• [Exercise instructions] Nothing but a verbatim copy of the data, minus the images, should be returned.

• [Dataset excerpt]
════════════════════

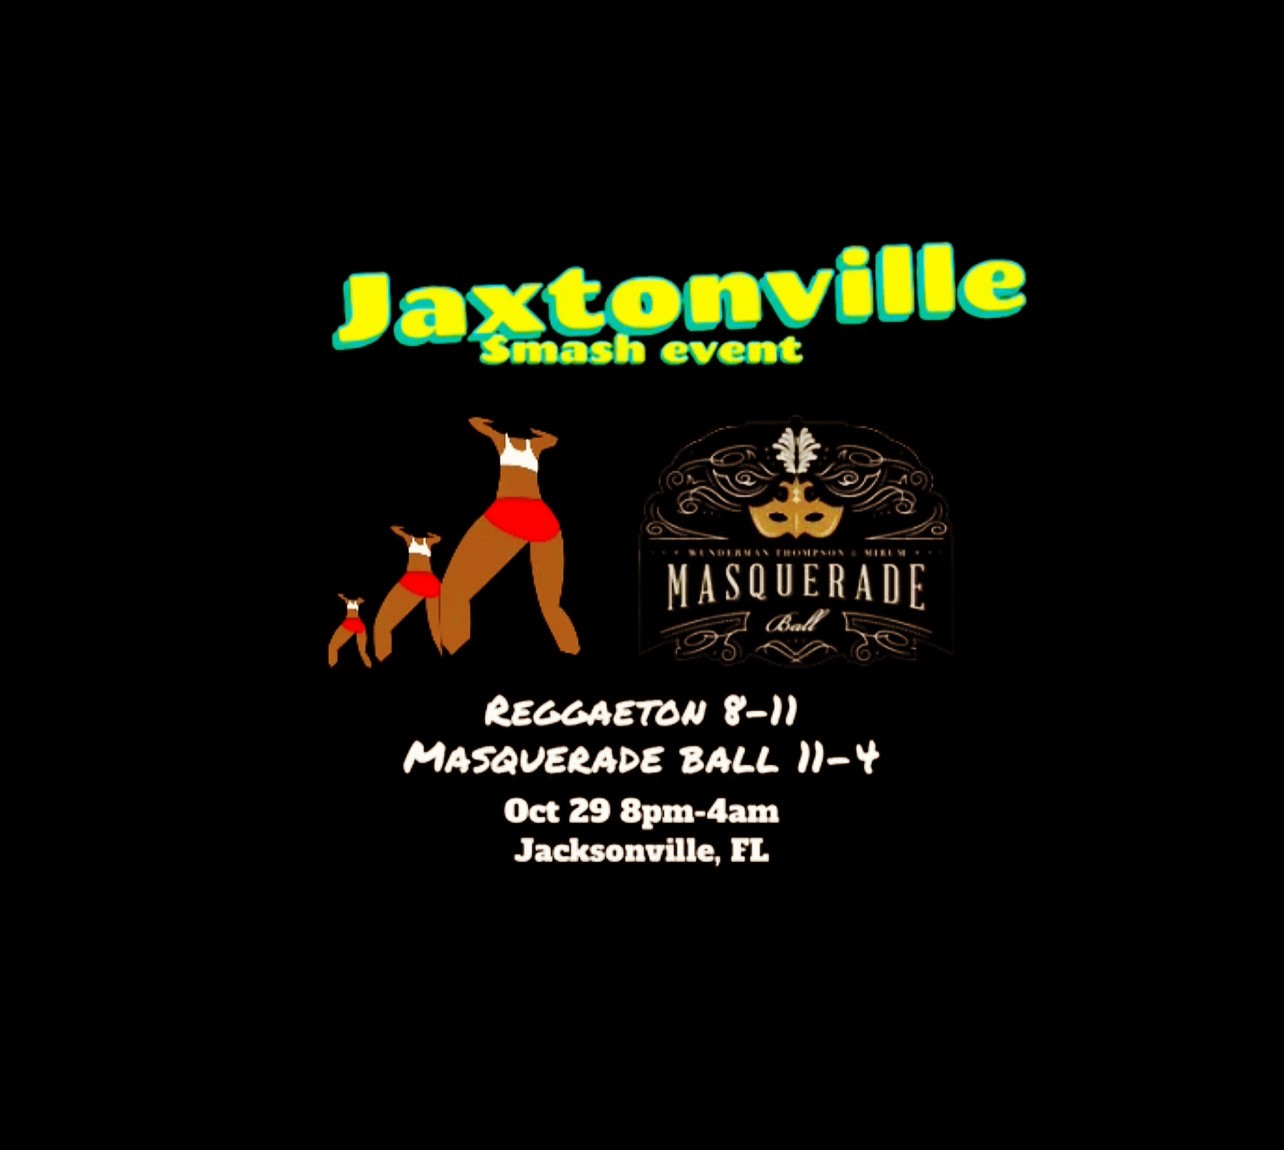 Jaxtonville Smash Event on oct. 29, 20:00@Clubhouse - Compra entradas y obtén información enwww.jaxtonville.com 
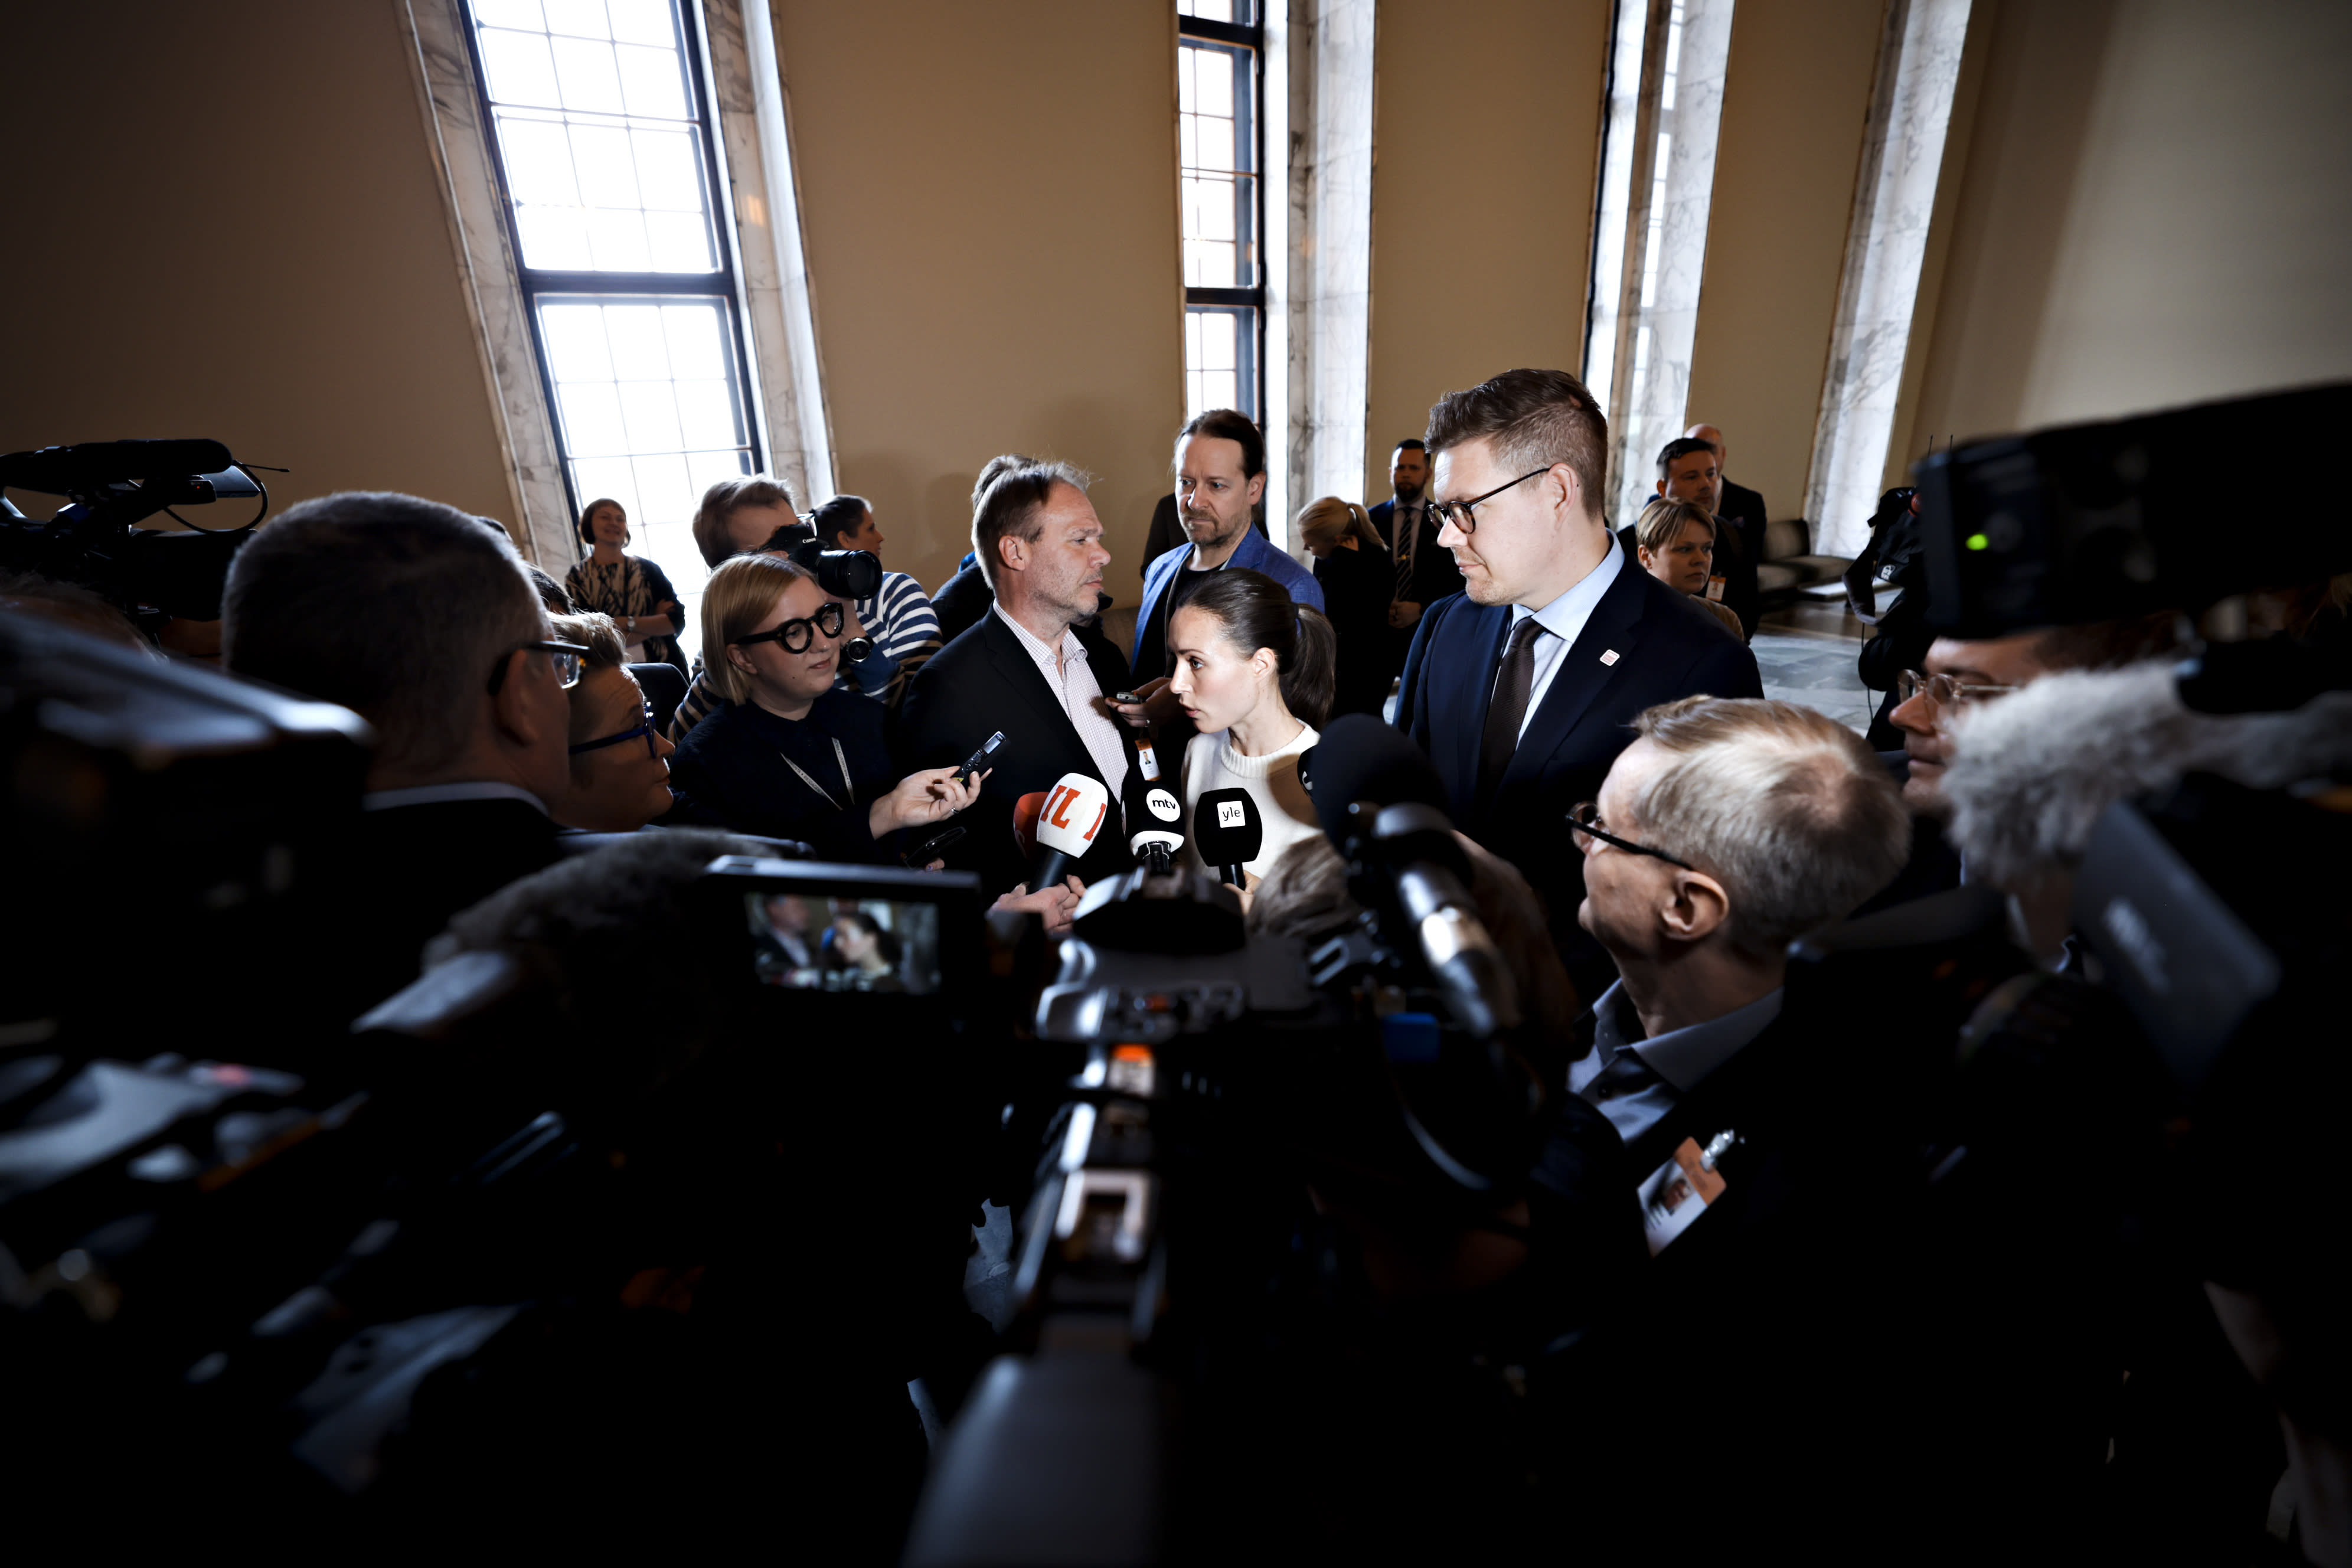 سانا مارين قلقة بشأن فنلندا "في موقف ضعيف" حيث تستعد الأحزاب اليمينية لمحادثات الائتلاف
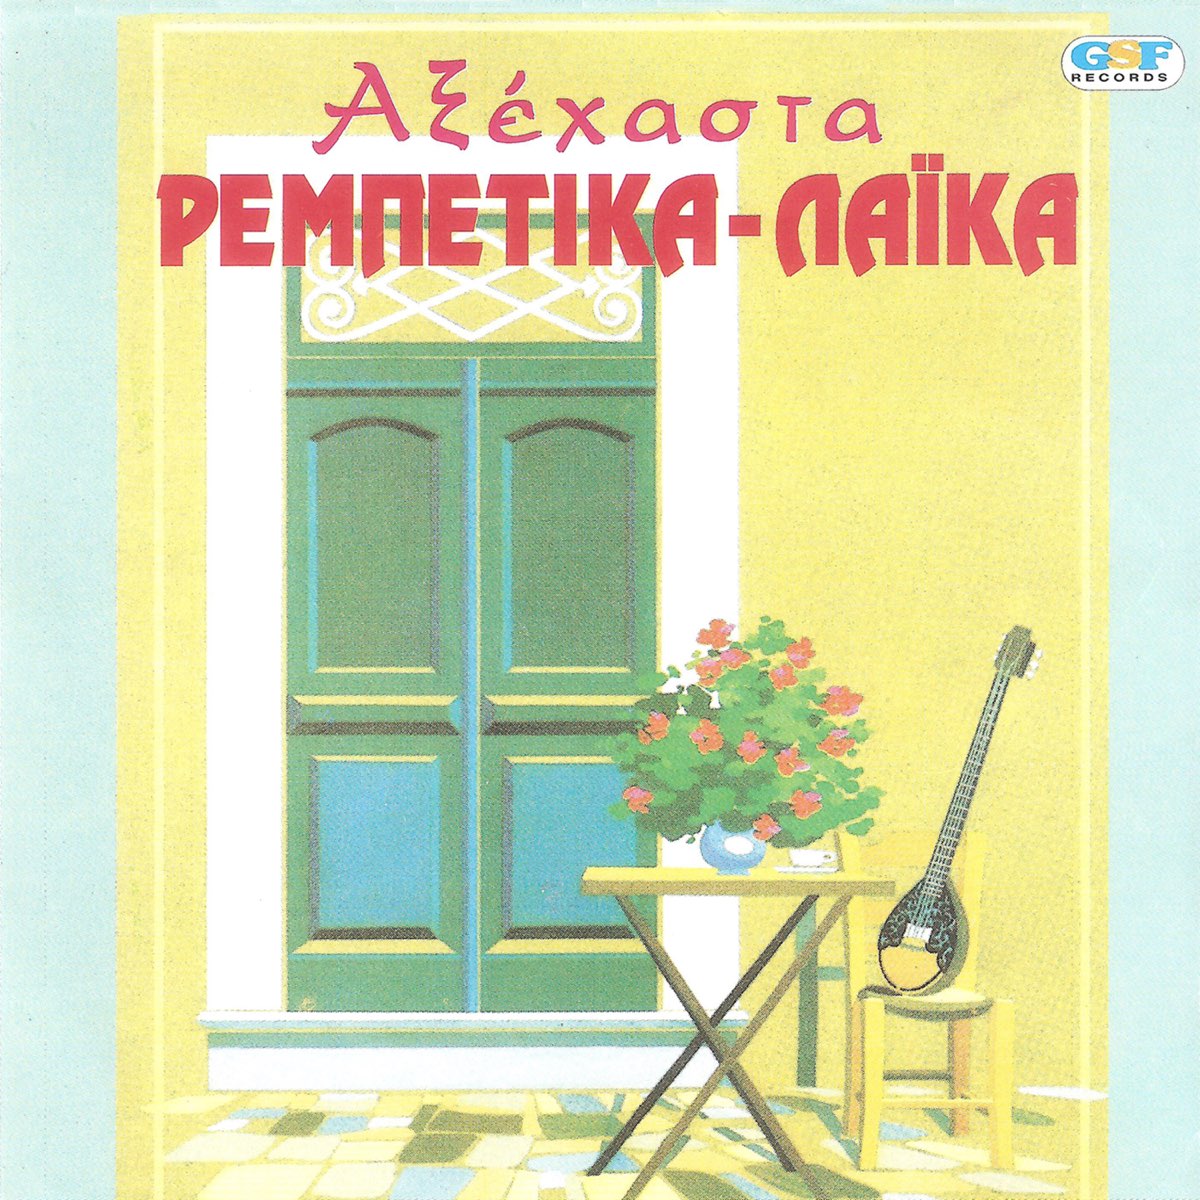 Αξέχαστα Ρεμπέτικα - Λαϊκά - Album by Various Artists - Apple Music
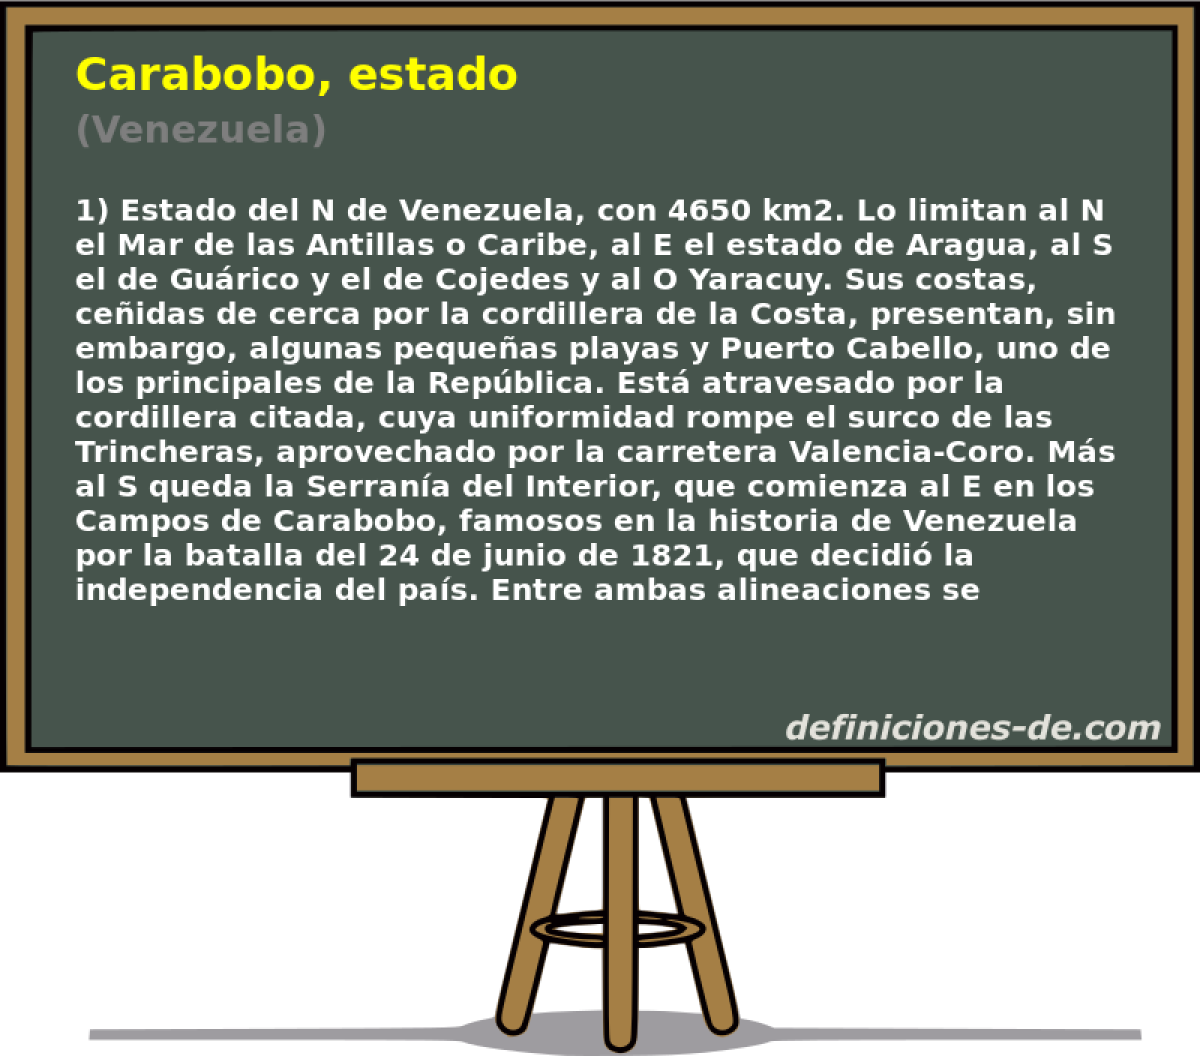 Carabobo, estado (Venezuela)

════════════════════

• [Solution for this task]
 Jaxtonville Smash Event on oct. 29, 20:00@Clubhouse - Compra entradas y obtén información enwww.jaxtonville.com 
 سانا مارين قلقة بشأن فنلندا "في موقف ضعيف" حيث تستعد الأحزاب اليمينية لمحادثات الائتلاف
 Αξέχαστα Ρεμπέτικα - Λαϊκά - Album by Various Artists - Apple Music
 Carabobo, estado (Venezuela)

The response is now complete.